I hear you. I think I am somewhere in between. I do not dwell on what has happened as much. I do not think about ways to have him suffer or pay. I do feel in many ways I’ve let go of him. But if the universe is going to send suffering his way, then I’m grateful to it. Maybe I still have a long way to go, but at least it feels like I’ve come a long way.

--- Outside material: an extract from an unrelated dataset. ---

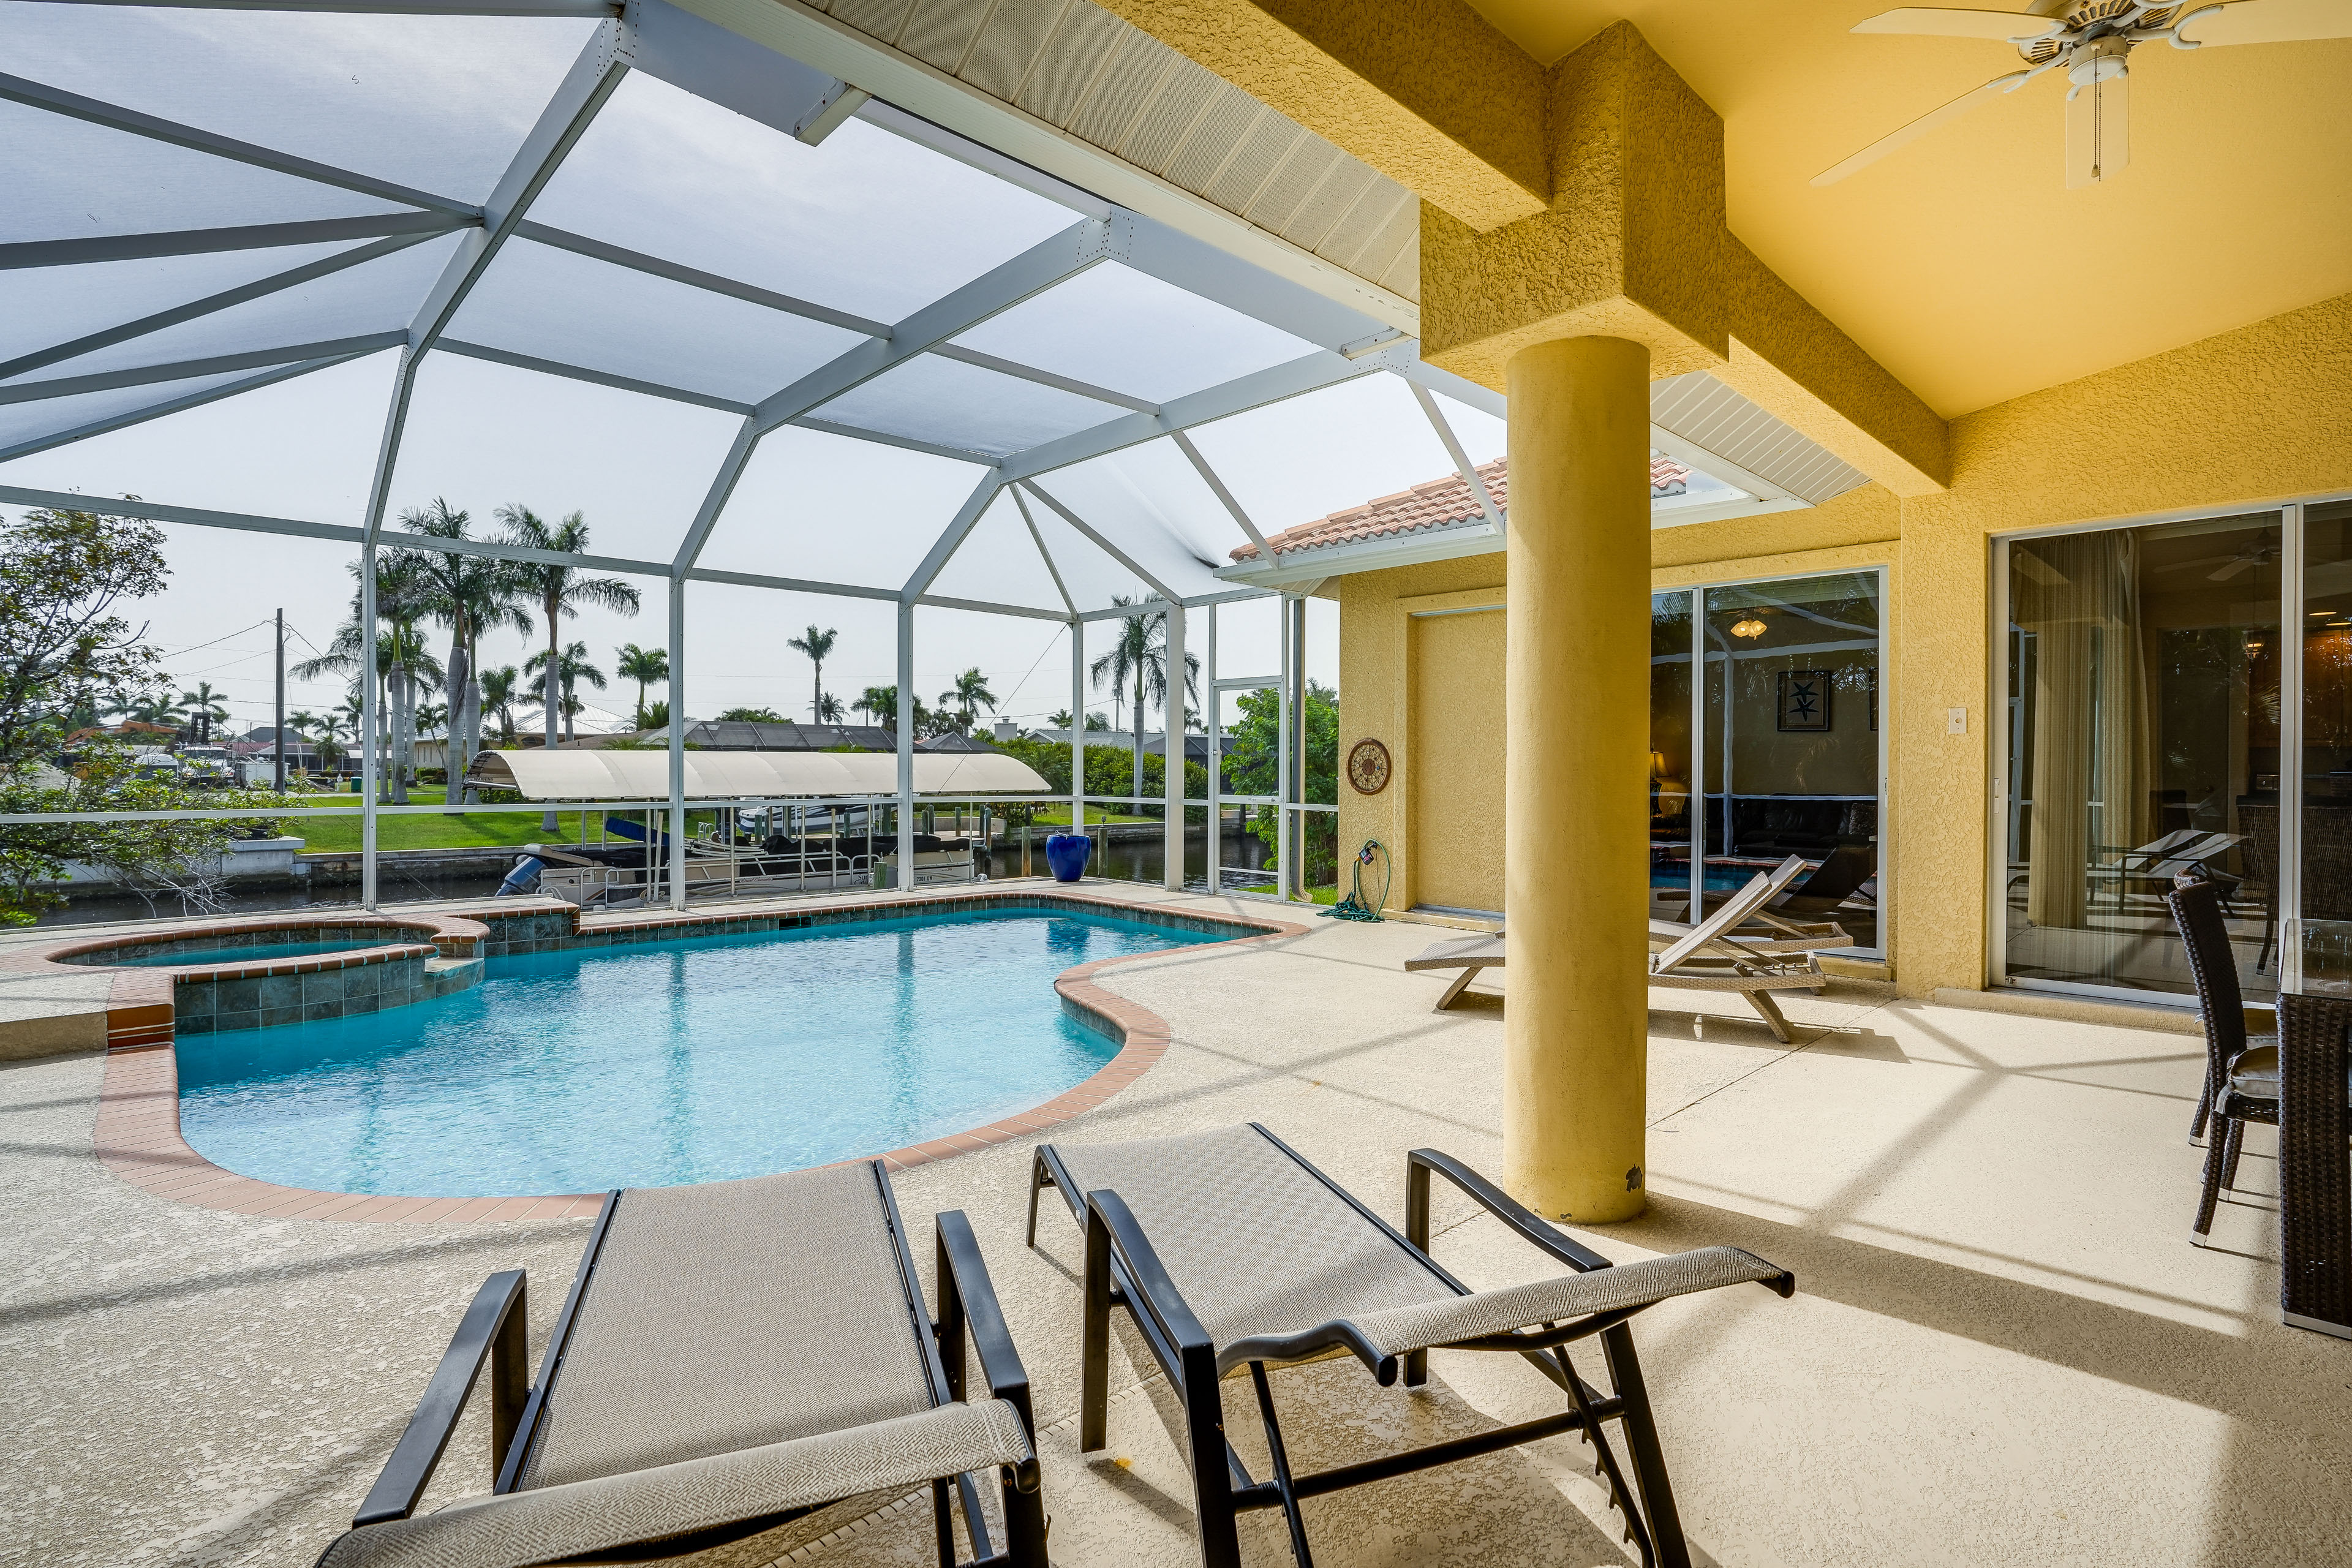 Property Image 1 - Waterfront Cape Coral Home: Lanai, Pool & Dock!

What is more on my mind is the loss of my life. You know, the life that was the “plan” and where I thought it was going. There is some excitement in reinvention, but there is also a lot of frustration at having to begin anew and knowing that some of the things I was excited about are not going to happen. But I’m doing my best to embrace it and count my moments of gratitude each day. I think it will get even easier now that the pandemic is slowing and life is happening again. It was very hard to move forward when isolated and stuck alone. Traveling and new experiences are a big part of that discovery for me, so I am grateful for being able to do that right now.
It’s good to pop in on this board and see that you are still here…and I think your new role suits you well. You definitely have been a big part of my journey and your advice has meant so much to me. Thank you for stopping by with more support.
El
Me 52, H 56 T10 M7, 2nd MR for both 2 Step Sons (19 and 21) BD: Fall 2020 D finalized: July 2022 XH Married AP soon after D day.